Ironing shoulder pads –  new to me. Be gone 80s shoulders, hello fitted shoulder of my sartorial dreams! It had never occurred to me to shape them so they drape the garment closer to the body – nice touch eh? The straight edge of the shoulder pads are cut down after installation so they are the correct shape for the armscye. Pads are secured to the jacket all over the pad area rather than just at the shoulder seam line too. Bria says it can take 2 hours to set a sleeve and sometimes it takes 4 times till she’s happy with it!

Apparently “side seams and sleeve underarm seams don’t need to match”. In fact Brita was quite clear, sleeve placement depends entirely upon the pitch of the shoulder and arm position of the wearer. Its the comfort and look of the sleeve as applied to the jacket body that’s important, not matching seams. Cutter and Tailor forums are both goldmine and minefield dare I say, those guys can get so bitchy about a sleeve and shoulder set. Not matching the sleeve and side body seams was attributed to the Neapolitan sleeve, but for the life of me I can’t find that quote now. ‘Neapolitan’ also appears to refer to the amount of ease in the sleeve cap and whether or not the shoulder line is ‘roped’ (where the seam allowance falls toward the sleeve to give definition to the sleeve head) or natural (unroped) or somewhere in between. All the time and effort I could have saved myself had I not been wrangling sleeve seams to ‘match’ the side seam and shoulder point – agggh! Same for the under seam of the sleeve. My last jacket block was redrafted over and over to move the back princess seam and sleeve seam so they would match. The sleeve seam can end up very acutely angled at the top – let me tell you. Now I can just say “oh that, yeh, its neapolitan – didn’t you know?”, snicker snicker!


The fish? Thats the piece of canvas shaped like an ellipse placed at the back of the sleeve head. It helps support the sleeve and creates a lovely shape – I’d never seen that used before – have you?


This discussion by Geoffrey D regarding sleeve wadding is fascinating with quite nice diagrams.
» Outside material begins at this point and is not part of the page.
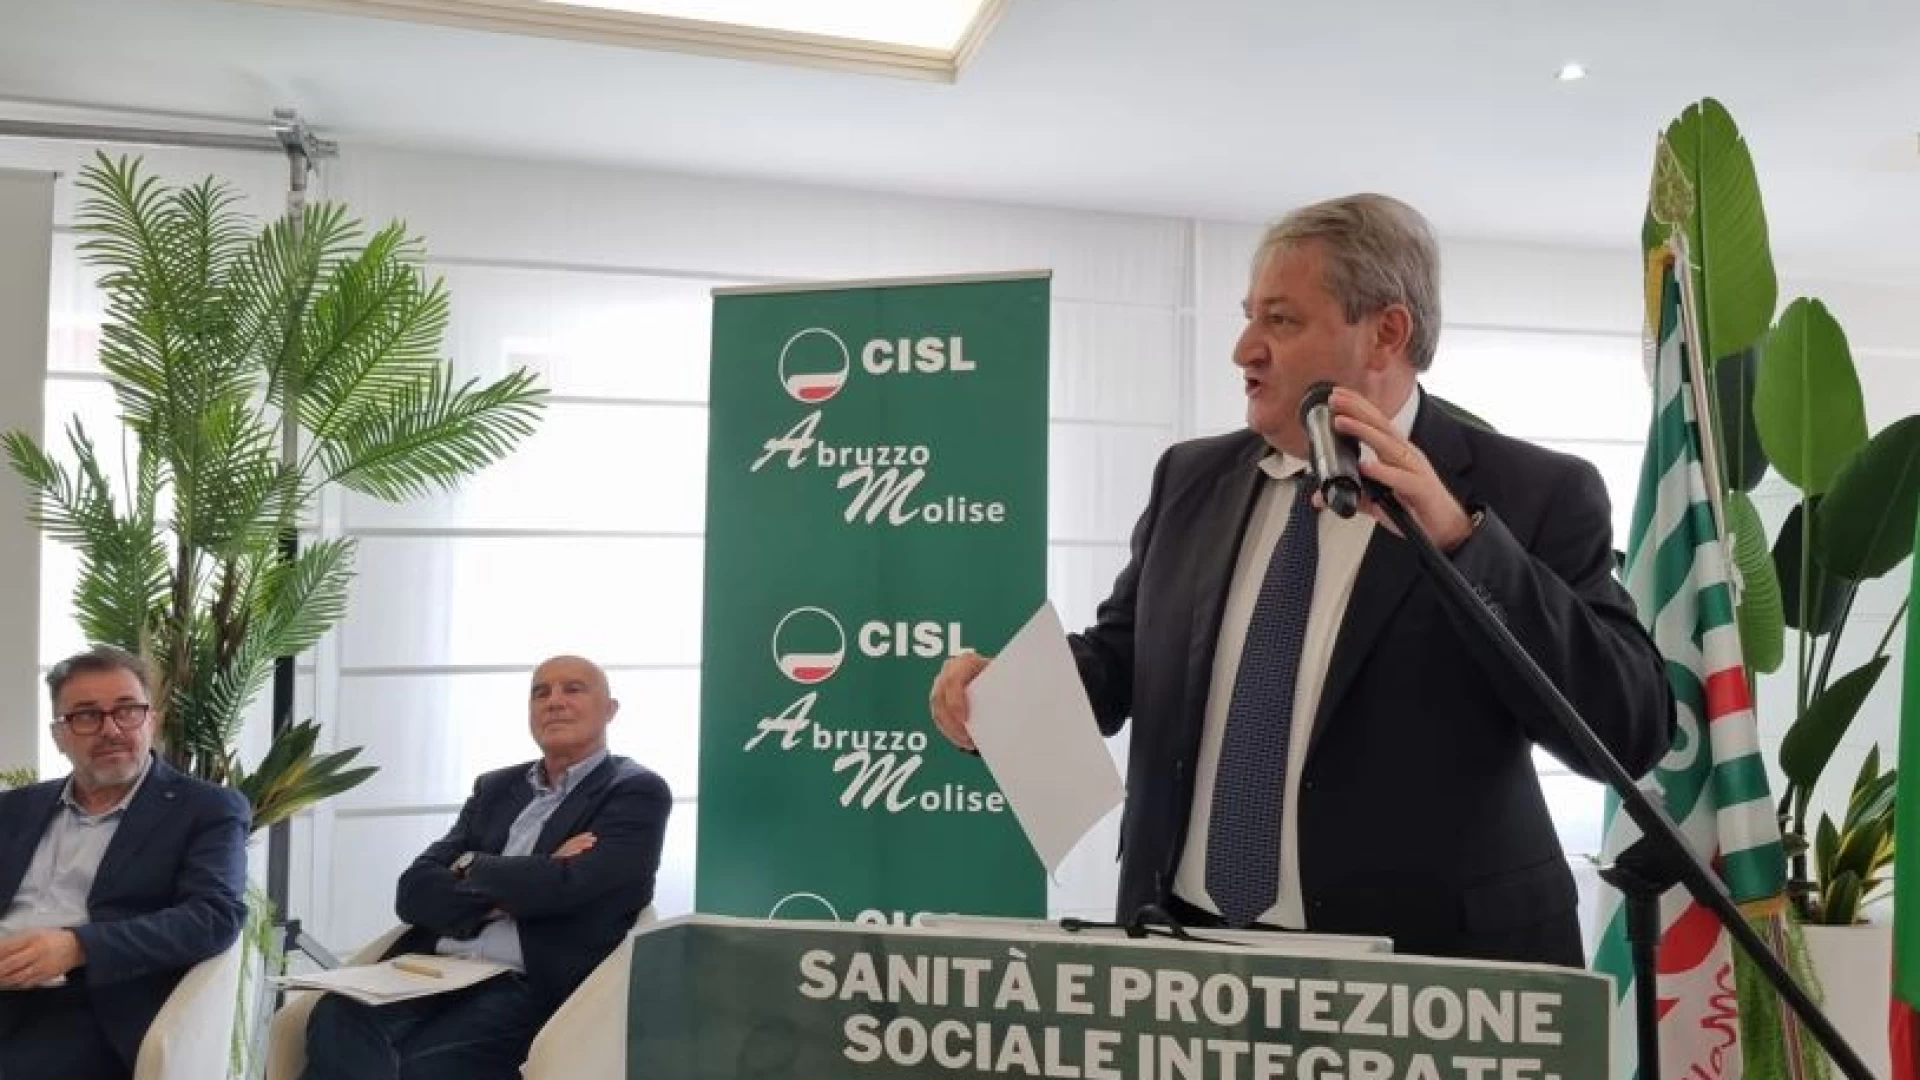 Roberti al convegno della Cisl Abruzzo e Molise su Sanita e protezione sociale. “Rete sanitaria fondamentale per essere vicini alle esigenze dei cittadini”.

I like quite a structured sleeve head rather than a ‘natural’ one. I am probably a bit ‘nouveau something or other’ but to my eye it looks smart and I particularly dislike seeing a dip below the sleeve head, then the crown of the sleeve grabbing the top of the deltoid for dear life. Perhaps its becoming a more common sight because of tighter sleeves being more fashionable; give me a high and supported sleeve head that skims the deltoid any day!

not a fan of the dip below the sleeve head

Here is a very nice sleeve head tutorial by Sherry in Auckland from her blog Pattern – Scissors – Cloth, Sherry is just back after a 3 year blogging holiday. Well worth ‘following’ as she works in the industry or at least did when I met her. This is not the only way to apply a sleeve head and I think I recall Brita generally cuts the head down after it is installed rather than before.


This post is becoming epic, so I’d better just slip in some photos… but read on to see how my 3 days finished!

Just look at the movement created by pad stitching and ironwork
Just look at the movement in this collar created by pad stitching and ironwork
melton undercollar detail
melton undercollar detail


So here it is during the first fitting. We agreed to take out 1cm from the princess seam above apex to shoulder and move the shoulder in 1cm, also take a little out of the waist. The hem will be raised 1cm as pinned. Not bad for a first draft eh?

the collar lies beautifully - not tight against the jacket.
the collar lies beautifully – not tight against the jacket which could cause it to ride above the collar stand


I was so impressed by the beautiful craftsmanship that I kinda worried that if I finished the jacket it wouldn’t live up to its potential – me being a novice and all. I mean whats the point if I go and shove the lining in all skewiff (also, no lining patterns, Brita makes hers from the finished jacket – de rigeur for men’s tailoring). I was petrified I’d bugger it up actually. So I opted to pay Brita to finish this beautiful bespoke tailored jacket – a great investment in British/German engineering don’t you think?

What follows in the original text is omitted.